_Recorded data_.
=-=-=-=-=

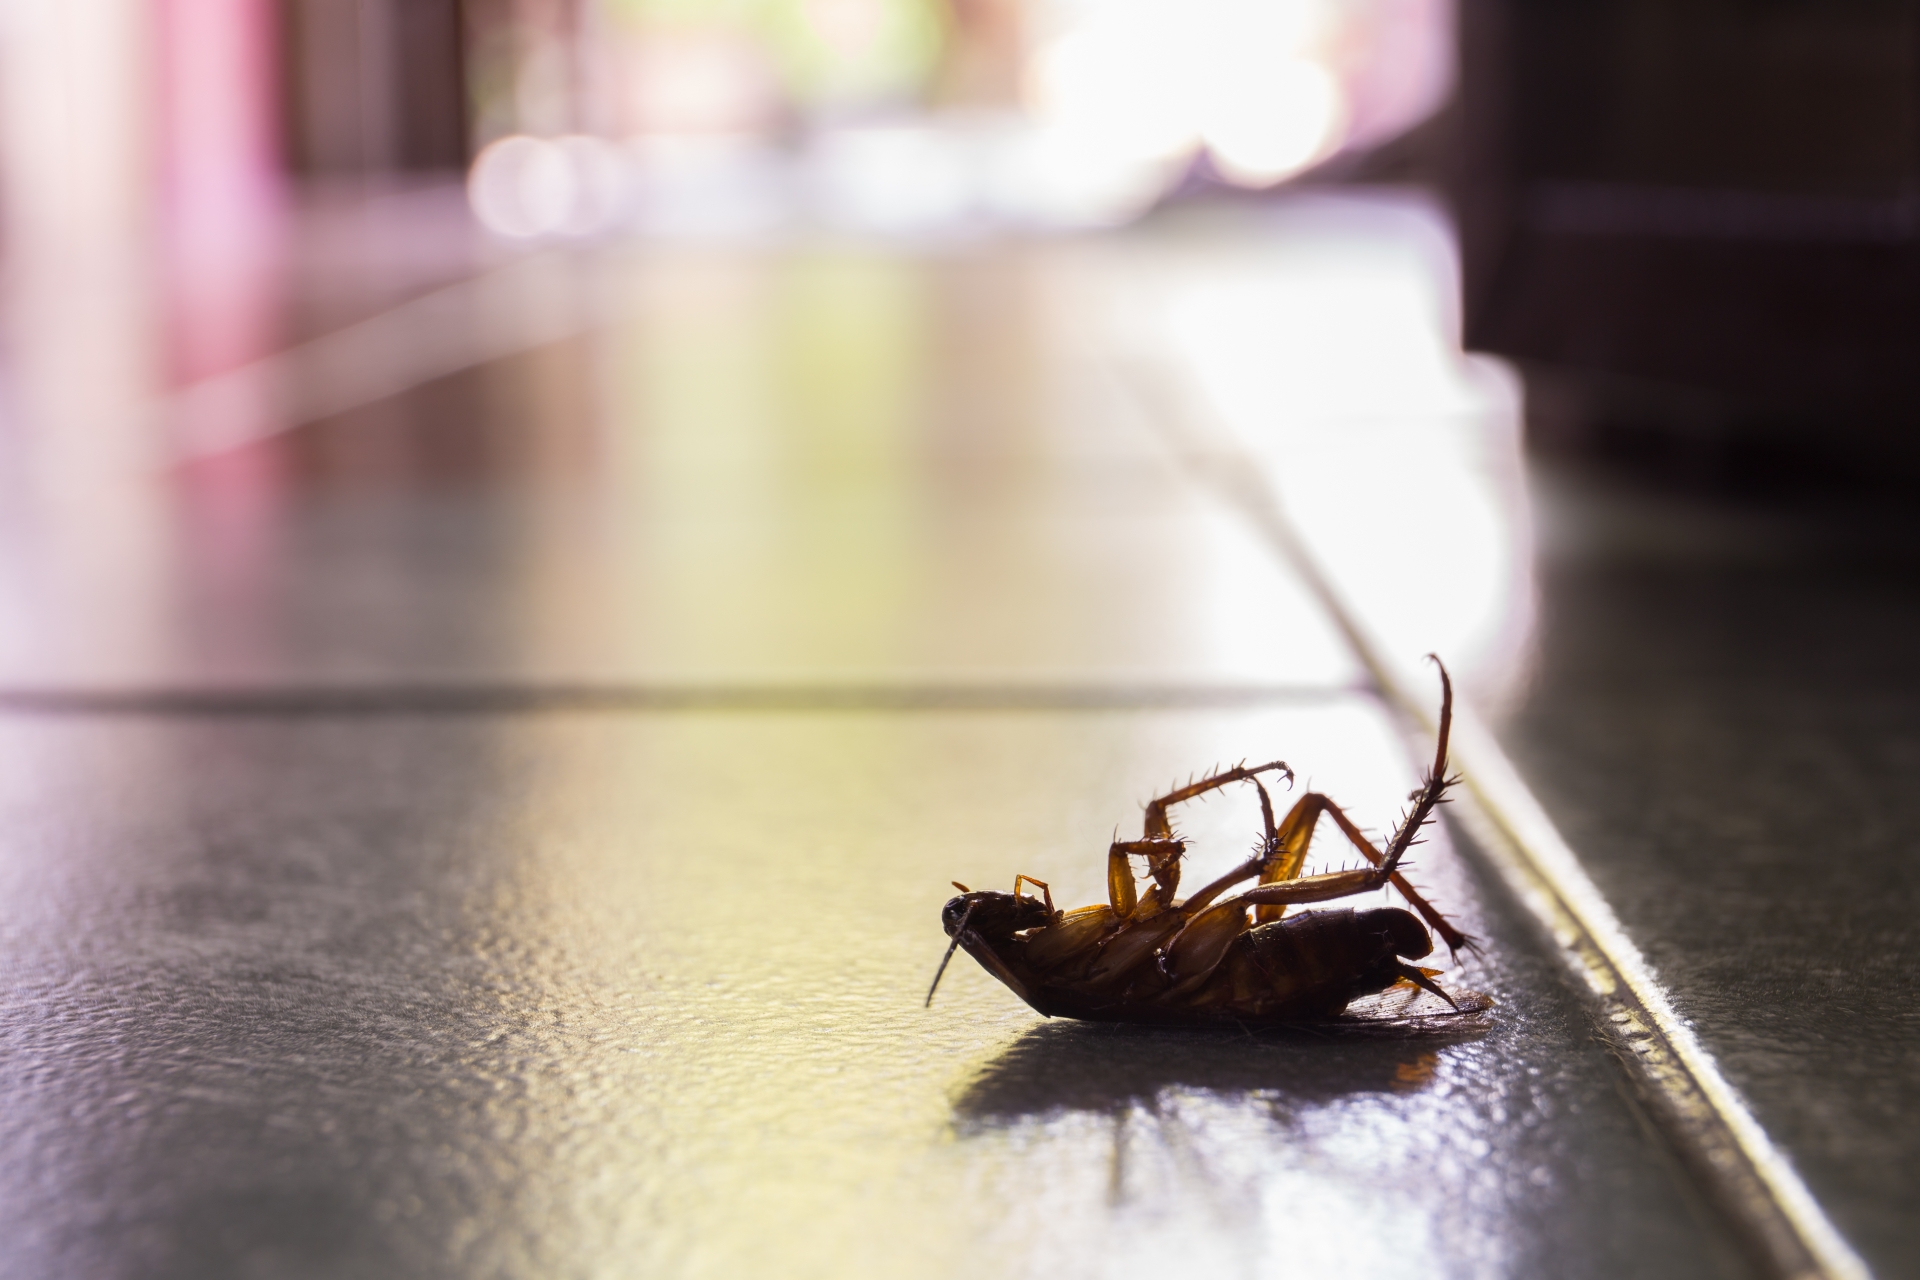 Cockroach Control, Pest Control in Norwood Green, UB2. Call Now 020 8166 9746
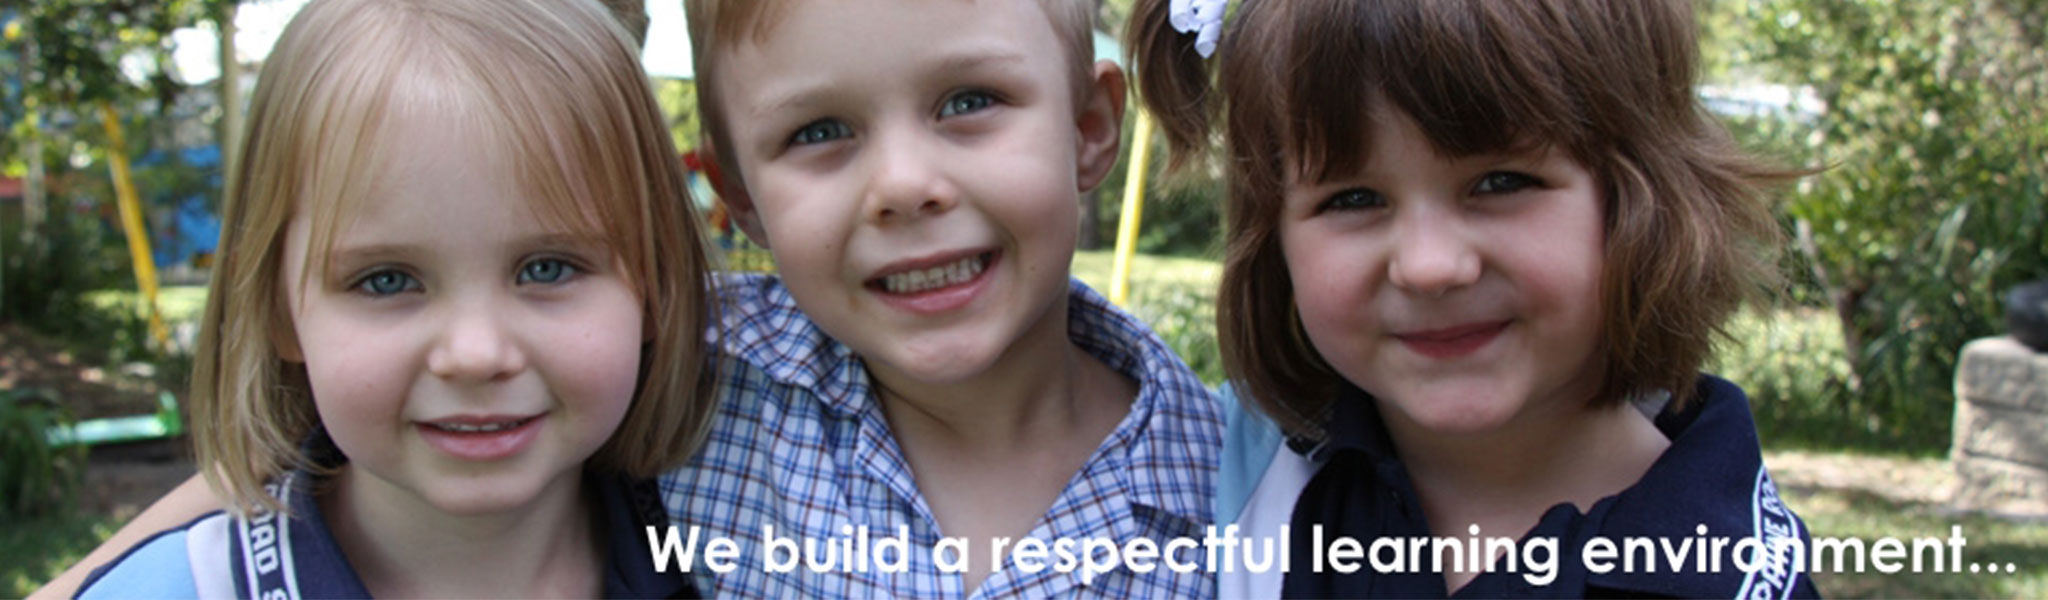 We build a respectful learning environment...
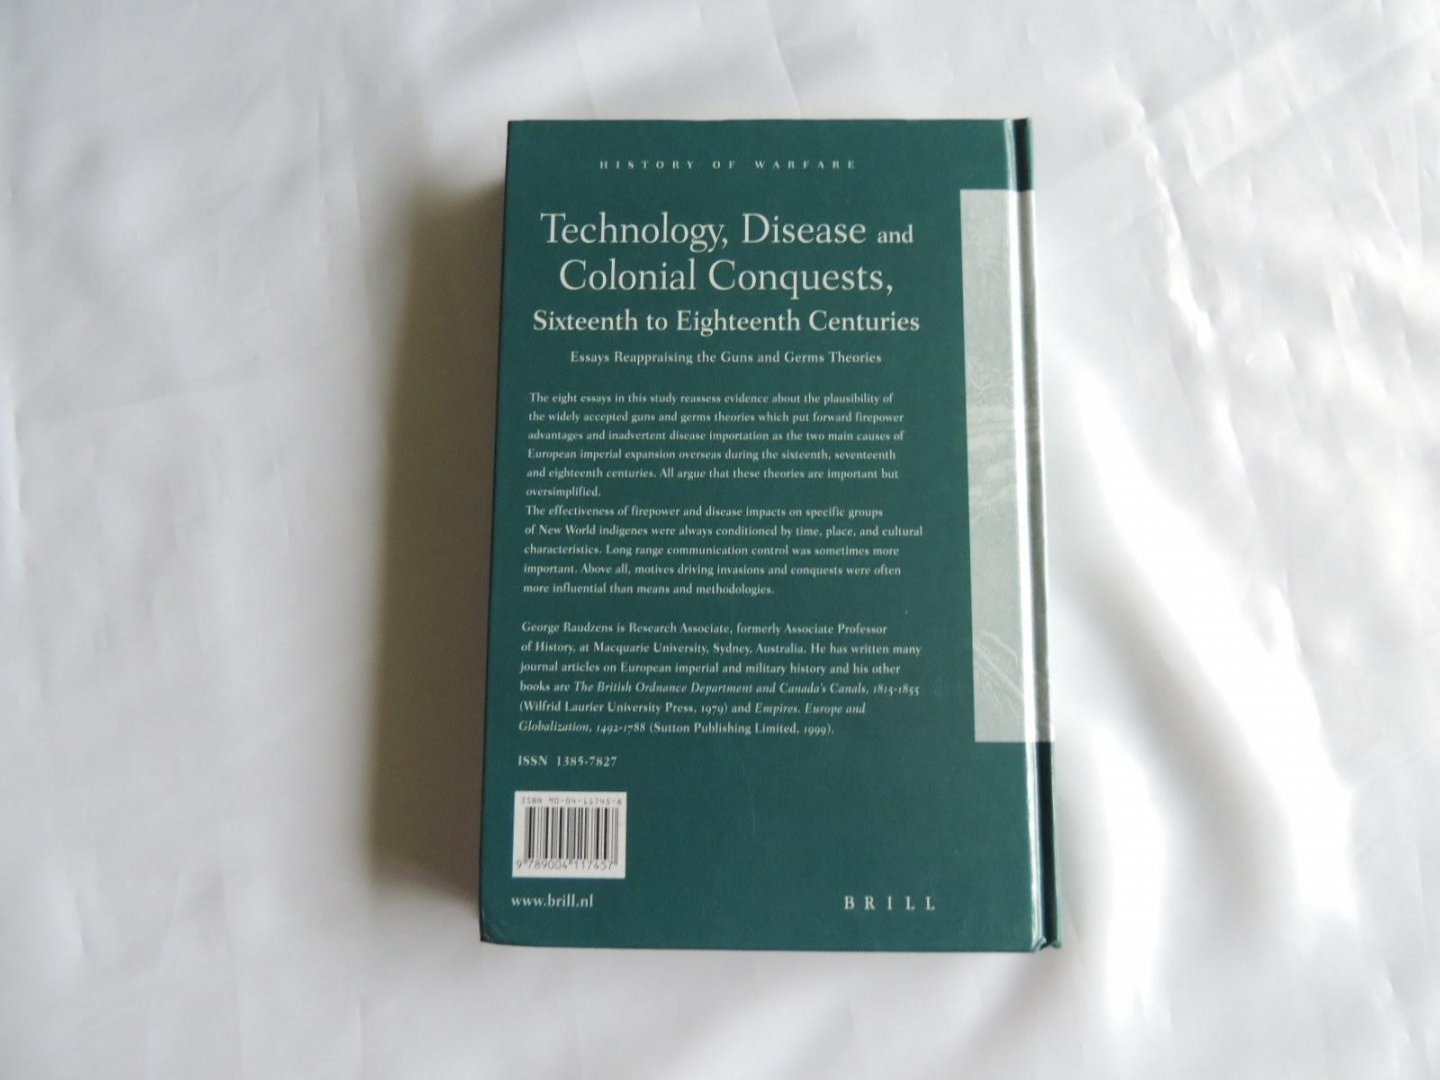 George Raudzens, Kelly deVries - History of Warfare. Volume 2. Technology, disease, and colonial conquests, sixteenth to eighteenth centuries : essays reappraising the guns and germs theories
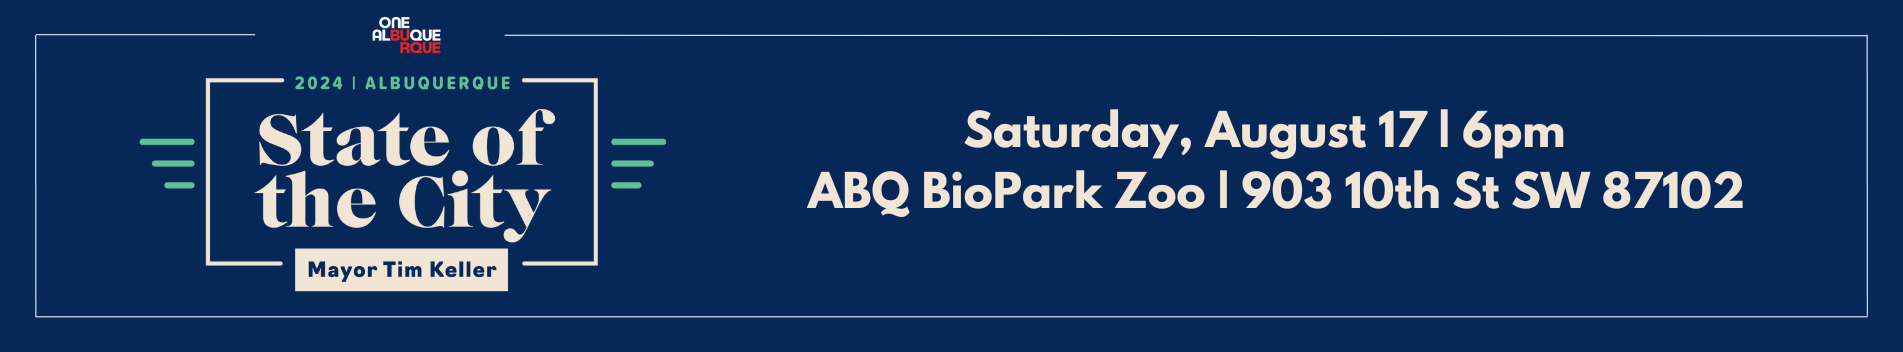 Red One Albuquerque logo above the text 2024 Albuquerque State of the City Mayor Tim Keller, Saturday, August 17, 6pm. ABQ BioPark Zoo, 903 10th St SW 97102

=-=-=-=-=

An exact repetition of the listing is needed, with the pictures dropped.

 Cockroach Control, Pest Control in Norwood Green, UB2. Call Now 020 8166 9746
 We build a respectful learning environment...
 George Raudzens, Kelly deVries - History of Warfare. Volume 2. Technology, disease, and colonial conquests, sixteenth to eighteenth centuries : essays reappraising the guns and germs theories
 Red One Albuquerque logo above the text 2024 Albuquerque State of the City Mayor Tim Keller, Saturday, August 17, 6pm. ABQ BioPark Zoo, 903 10th St SW 97102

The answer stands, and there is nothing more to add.